(Work order) Repeat the listing exactly, line by line.
Segment Start: Data provided
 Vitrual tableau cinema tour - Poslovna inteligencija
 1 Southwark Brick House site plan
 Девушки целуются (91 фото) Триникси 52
Segment End: Data provided
(Response)
 Vitrual tableau cinema tour - Poslovna inteligencija
 1 Southwark Brick House site plan
 Девушки целуются (91 фото) Триникси 52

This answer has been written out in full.